В зале появилось несколько новых женских лиц, которых я раньше не видел. Дамы были не похожи на других зрителей, они сидели молча, почти со скорбным выражением, удивленно и немного застенчиво поглядывая по сторонам. Им тут было не по себе. Присмотревшись повнимательнее, я увидел за их скорбными лицами следы еще не исчезнувшей надменности.
Во втором акте зурнист исполнил соло в интерлюдии задорной народной песни и сыграл эту песню в джазовом стиле, и я бы не поверил, если бы мне сказали, что от зурны можно добиться джазового звучания. Я был поражен этим человеком и его талантом. Он сорвал бурные аплодисменты зрителей. Кокетливые белокурые женщины и мужчины, непристойно разглядывающие их, понимали ценность услышанного.
Когда съемка закончилась, я встал со своего места позже всех, я не хотел торопиться. Пройдя в одиночестве по улочкам, я вернулся в бывшую гостиницу и зашел на кухню, думая, что столкнусь там с кем-нибудь, но никого не встретил. В надежде, что кто-то придет, я налил себе чаю и уселся за стол. Никто не пришел. Я вернулся в свою комнату. Вышел на балкон. Стал смотреть на улицу. Толпа, казалось, немного поредела.
Вернулся внутрь. Крестьяне собирались на вечеринку. Они будут вечно туда идти.
Я не стал раздеваться, испытывая бессмысленный страх, что, раздевшись, стану еще более слабым и одиноким. Я сел на кровать в одежде и уснул. Проснулся рано утром. Комната показалась мне такой узкой, что не вздохнуть. Я выбежал из здания. Бродил по улицам. Люди шли на работу с угрюмыми лицами.

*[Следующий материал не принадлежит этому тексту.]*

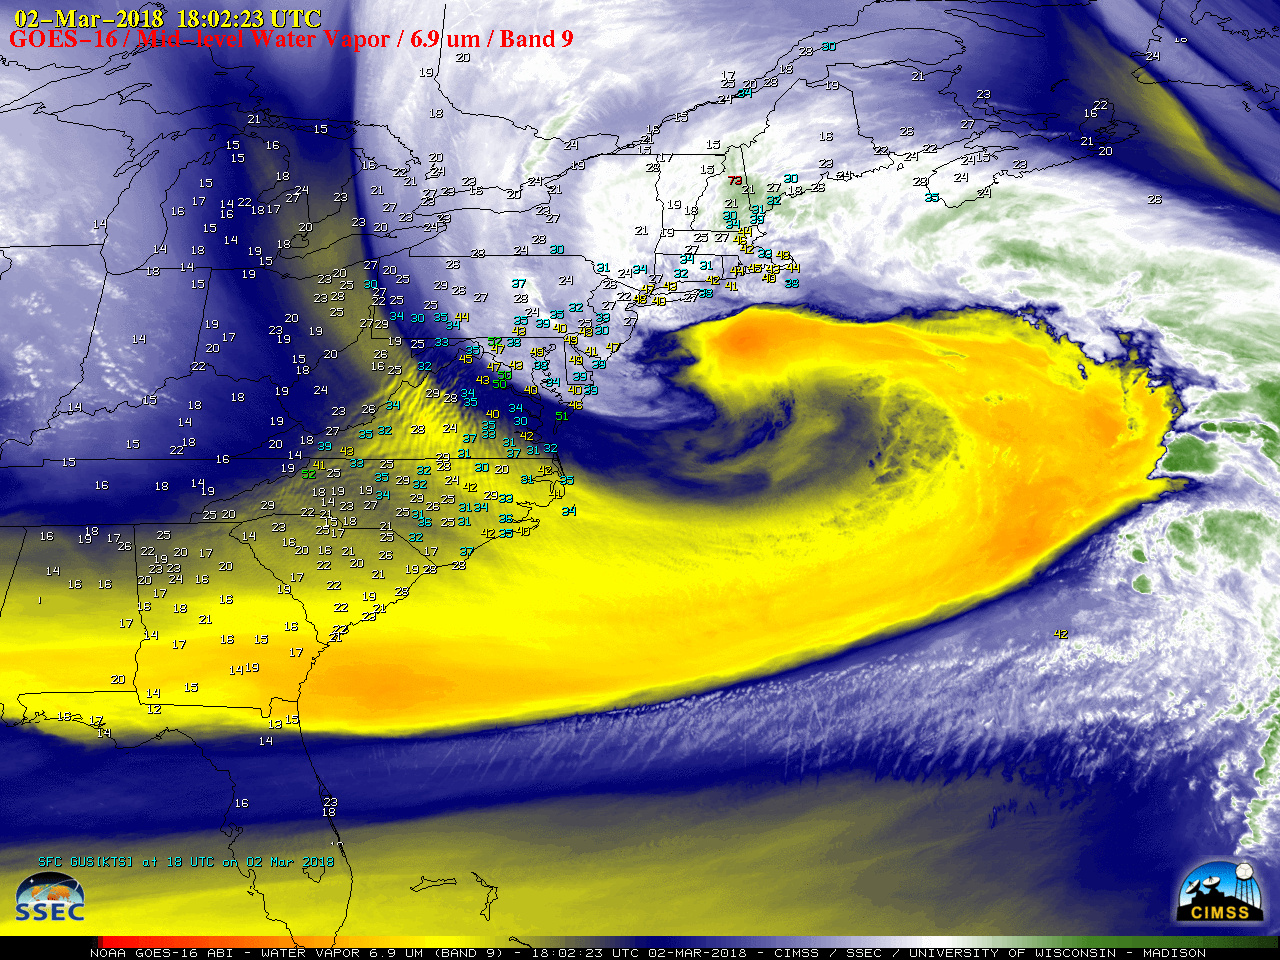 GOES-16 Mid-level (6.9 µm) images, with plots of hourly wind gusts [click to play MP4 animation]

К полудню я набрался смелости и позвонил Сыле.
— Как дела? — спросил я.
— Я в порядке, — сказала она, — а ты как?
Мне показалось, она обрадовалась, услышав мой голос.
— Чем занимаешься?
— Я нашла «Сказку о неизвестном острове» Сарамаго в библиотеке Хакана, теперь читаю.
— Бедный Педро Орсе, — сказал я.
— Бедный Педро Орсе, — повторила она.
Две любовницы Педро Орсе пожалели его в его одиночестве и занялись с ним любовью. Это была одна из сцен, которая произвела на меня большое впечатление из-за того, что в ней отразились добрые намерения людей.
В этом мире мало кто мог бы ответить мне «бедный Педро Орсе», когда я сказал «бедный Педро Орсе». Я нашел такого человека, но не оценил этого.
Когда я читал «Божественную комедию», меня очень впечатлила история Паоло и Франчески, которых Данте встретил в Аду: читая книгу об истории любви, они влюбились друг в друга, нарушили все запреты и согласились вместе отправиться в Ад. Я всегда мечтал о такой любви, о том, чтобы влюбиться в женщину, читая вместе одну книгу. Для меня это была самая большая любовь. Слова «бедный Педро Орсе» напомнили об этой мечте.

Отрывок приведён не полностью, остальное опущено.